Substantially all of our tenants depend on the same industry for their revenues.
     We derive substantially all of our revenues from leasing, primarily on a triple-net basis, retail motor fuel and convenience store properties and petroleum distribution terminals to tenants in the petroleum marketing industry. Accordingly, our revenues will be dependent on the economic success of the petroleum marketing industry, and any factors that adversely affect that industry could also have a material adverse effect on our business, financial condition and results of operations liquidity, ability to pay dividends and stock price. The success of participants in that industry depends upon the sale of refined petroleum products at margins in excess of fixed and variable expenses. A large, rapid increase in wholesale petroleum prices would adversely affect the profitability and cash flows of Marketing and our other tenants if the increased cost of petroleum products could not be passed on to their customers or if automobile consumption of gasoline were to decline significantly. Petroleum products are commodities, the prices of which depend on numerous factors that affect the supply of and demand for petroleum products. The prices paid by Marketing and other petroleum marketers for products are affected by global, national and regional factors. We cannot be certain how these factors will affect petroleum product prices or supply in the future, or how in particular they will affect Marketing or our other tenants.

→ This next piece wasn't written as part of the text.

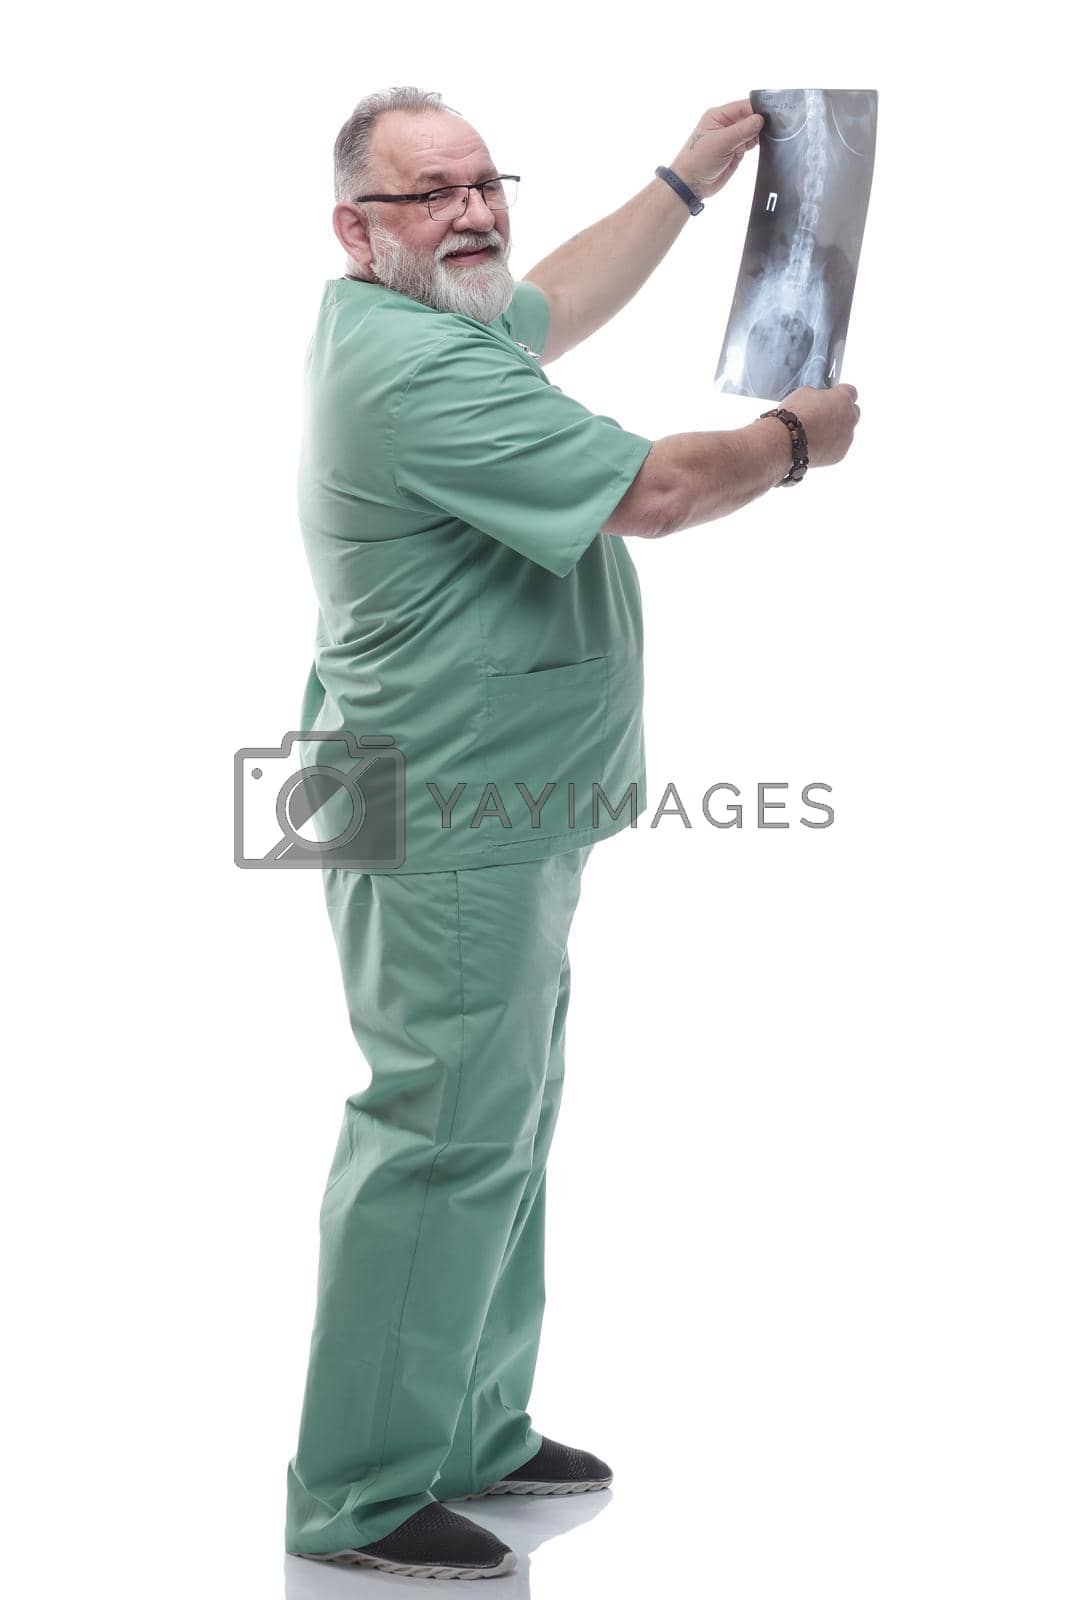 Royalty free image of in full growth. an experienced doctor looking at an x- ray of a patient by asdf

Property taxes on our properties may increase without notice.
     Each of the properties we own or lease is subject to real property taxes. The leases for certain of the properties that we lease from third parties obligate us to pay real property taxes with regard to those properties. The real property taxes on our properties and any other properties that we develop, acquire or lease in the future may increase as property tax rates change and as those properties are assessed or reassessed by tax authorities. To the extent that our tenants are unable or unwilling to pay such increase in accordance with their leases, our net operating expenses may increase.
We have incurred, and may continue to incur, operating costs as a result of environmental laws and regulation, which could reduce our profitability.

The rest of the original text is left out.